The only link between the two eras iValentines Augustus and Gus, both played by Charlie Manton. In 1809 he is a somewhat precocious, trouble making younger brother of Thomasina. In the present day he is a strange child who has been mute since the age of five.

As the play develops we see not only complex mathematical theories discussed and explained but how minor events in the past can have quite different interpretations in the present if the facts are not known, or, perhaps worse, only part of an event is recorded.

Thus we have a challenge to a duel becoming a death and a quickly sketched illustration of a hermit, any old hermit, is elevated to the only known likeness of Sidley’s eremite, and on and on.

One tiny assumption to fill in one tiny gap can be miles from the truth some 180 years on.
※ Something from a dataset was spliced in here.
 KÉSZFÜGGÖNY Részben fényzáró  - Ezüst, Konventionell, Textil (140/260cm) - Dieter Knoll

Make too many assumptions about too many tiny gaps, too long ago and truth is nowhere in sight. Chaos theory in a nutshell.
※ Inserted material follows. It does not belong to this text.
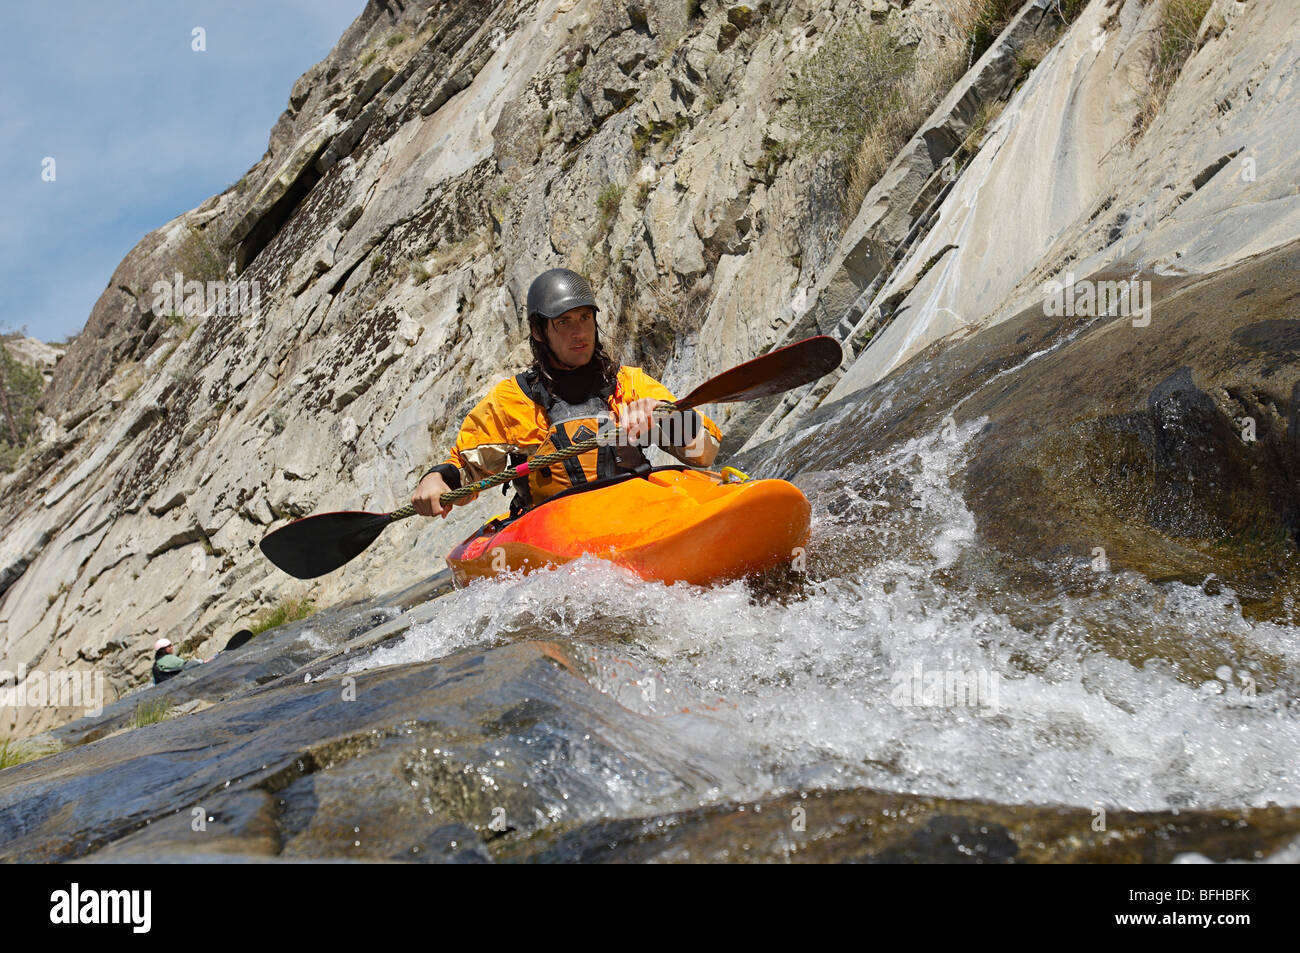 Man kayaking in mountain river Stock Photo

Ed MacArthur (Valentine Coverly) with Lightning - who was not real for those worried about tortoise welfare.

There is a lovely touch as the end with Gus waltzing with Hannah in the now and Septimus and Thomasina walzing in the then, all to modern music, which, if nothing else, shows the past will always have a bearing on the present.

The play is full of ideas indeed it bombards you with them all night with not even the respite of a scene change as the pace, dictated by director Blanche McIntyre, is relentless.
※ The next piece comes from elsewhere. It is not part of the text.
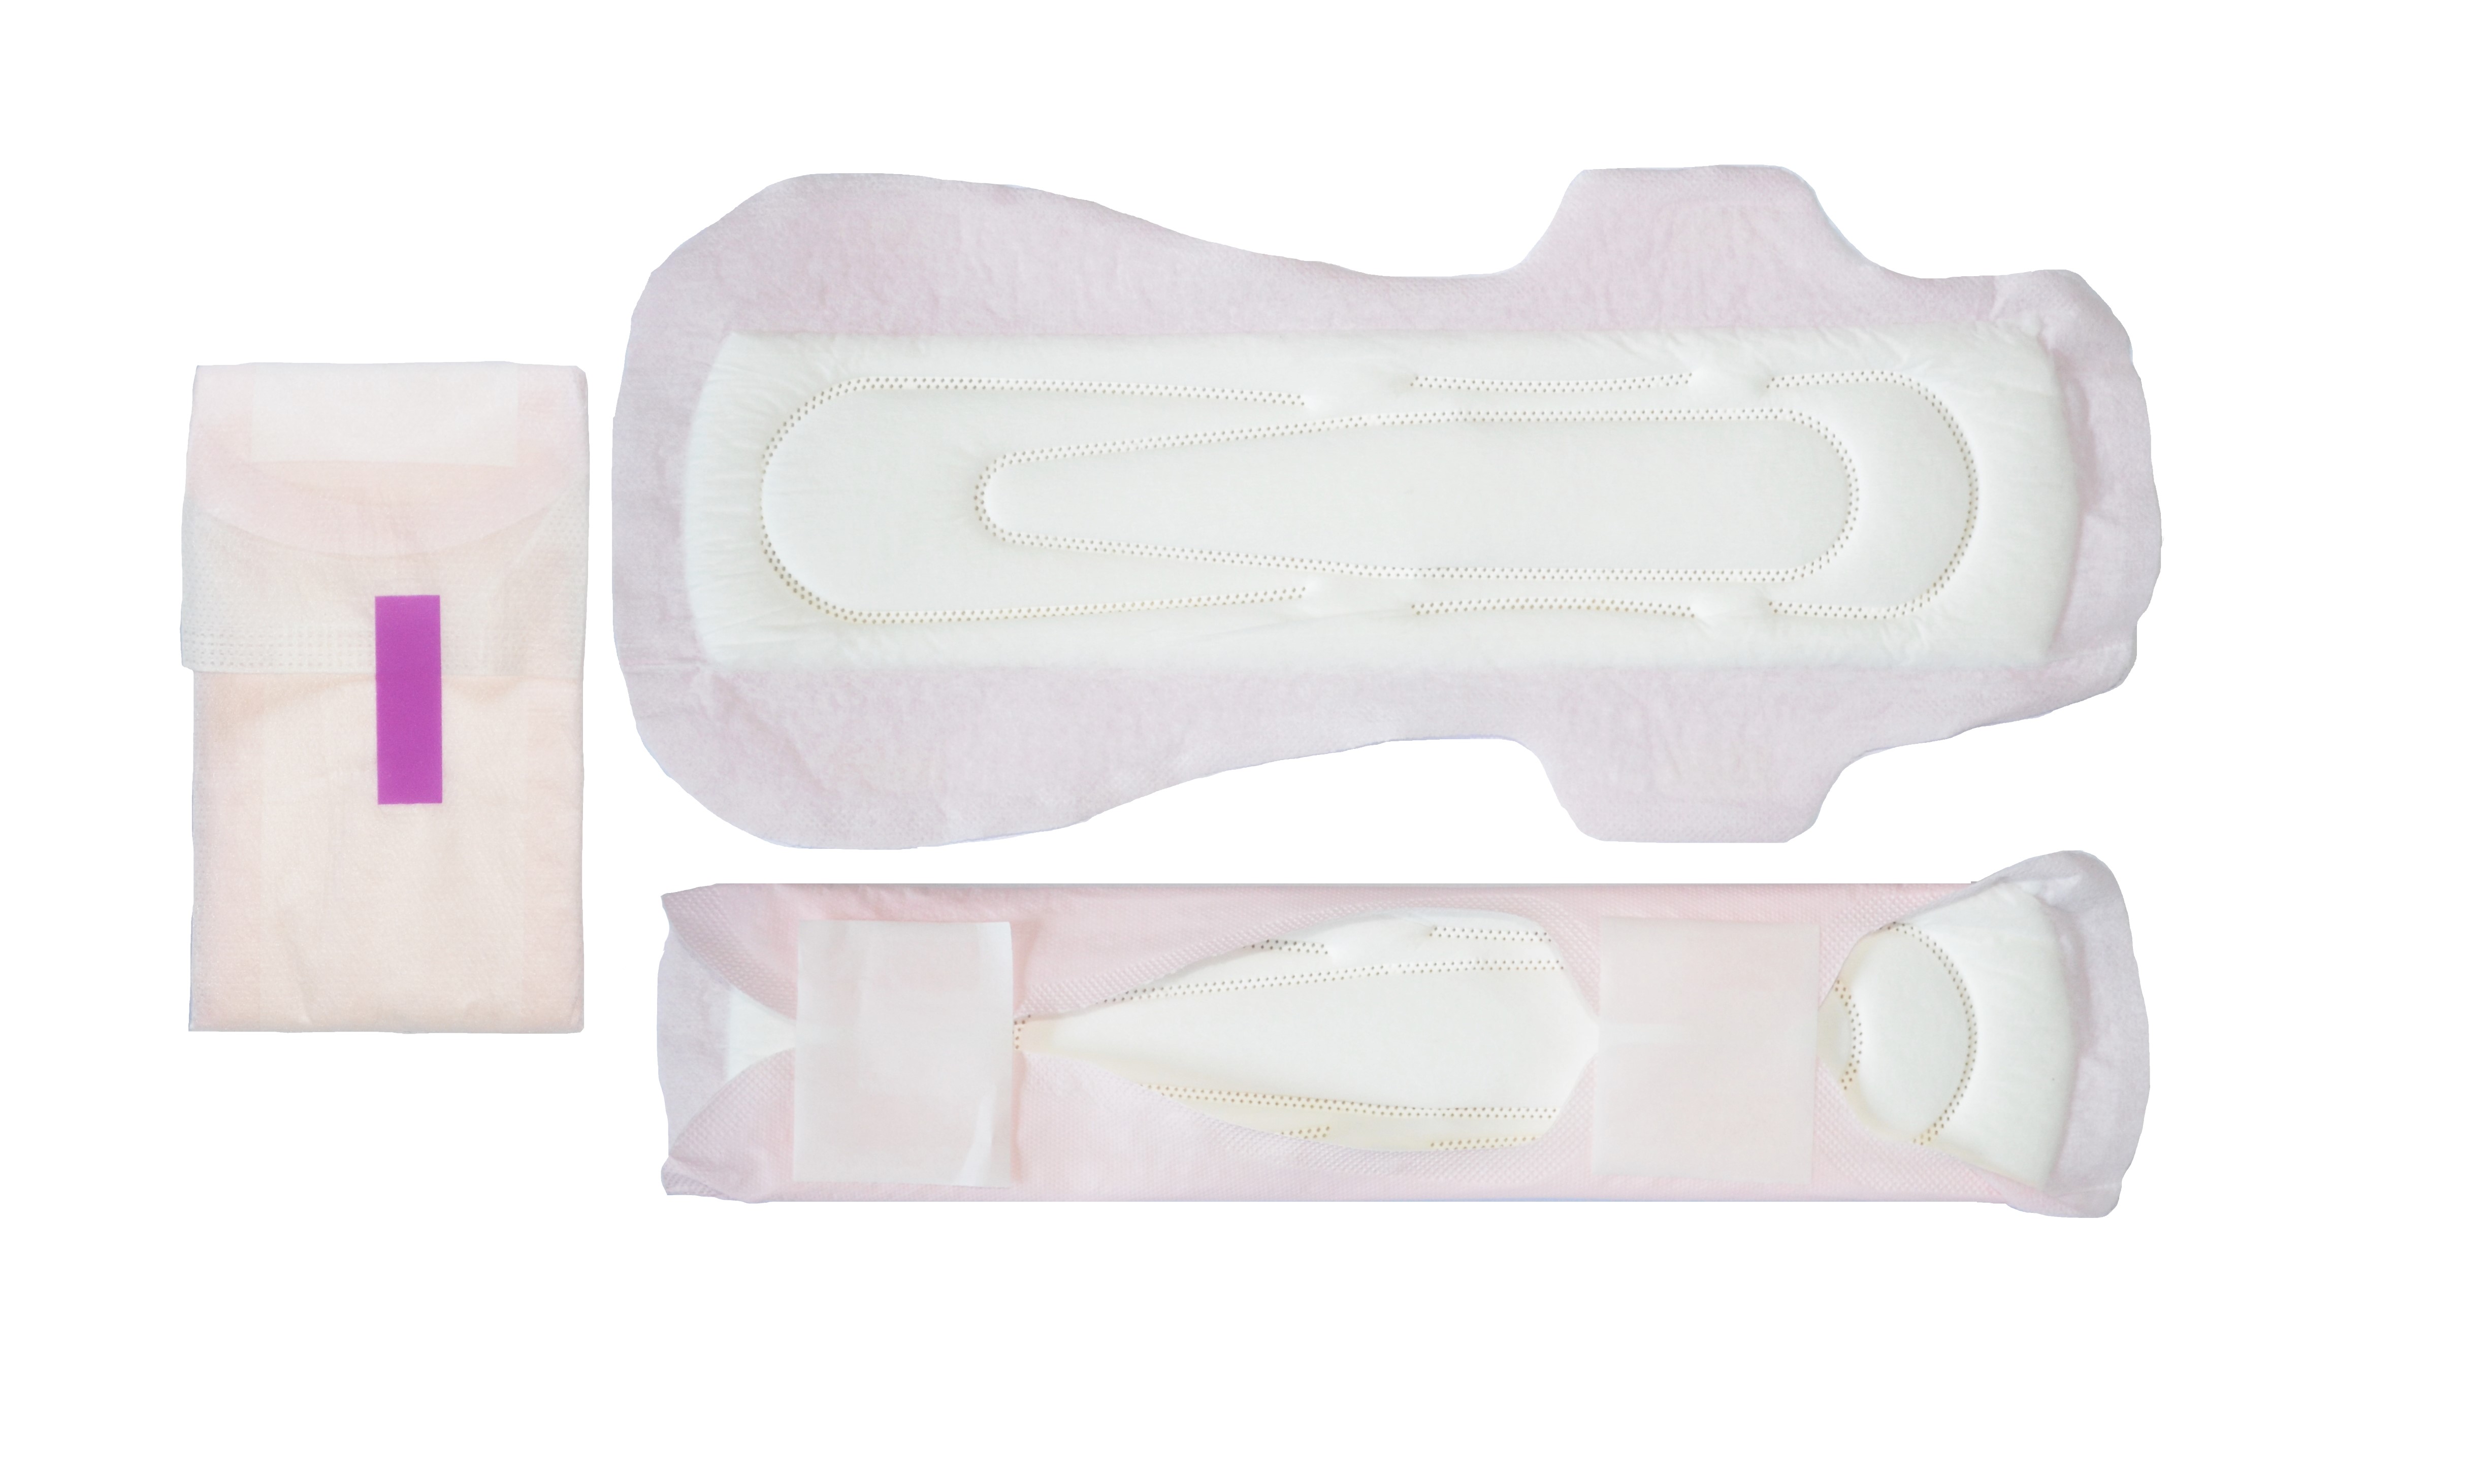 Maxi 垫的另一种用途是解决小孩子的尿液控制问题

There are some very funny lines and witty asides and although it is never gripping, there is enough interest to carry you along through almost two and a half hours, including interval.

You see a scene in the 19th century and then how in the present day fanciful flesh is added to an incomplete skeleton of facts. Whether the tabloids would get so carried away with an academic claiming Byron had to flee the country after a duel is debatable, even in 1993, but we do see how history has to be sensationalised in our celebrity obsessed culture, the Plantagenets and the Tudors currently receiving the speculation and star treatment.

We also see how eager people are to make facts fit their theory rather than allowing facts to speak, or indeed remain silent, for themselves.

English Touring Theatre have built up a well deserved reputation for exceptional productions and this is will only add to that. Incidentally, in an ETT poll Arcadia came fourth in a poll to find the nation’s favourite plays, which can’t be a bad recommendation - the winner was The History Boys which passed through the Alex a few weeks ago.

Stoppards play even has it own misinformation, the science may be right but it is a fictional story, and remember the dahlia? It wasn’t discovered in the 19th century at all and the first specimen in Britain did not go to Sidley or indeed any country house, but was grown from seed in 1798 from originally Mexican plants which were sent to Kew from Spain.

It is not the easiest of plays to watch, demanding constant attention, but it is a rewarding and entertaining expereince. On opening night a few words were lost, which is a pity as this is a play which relies entirely on words, but first nights in a new theatre are a perennial problem for sound engineers and no doubt that will be sorted for the rest of the run. To 28-03-15.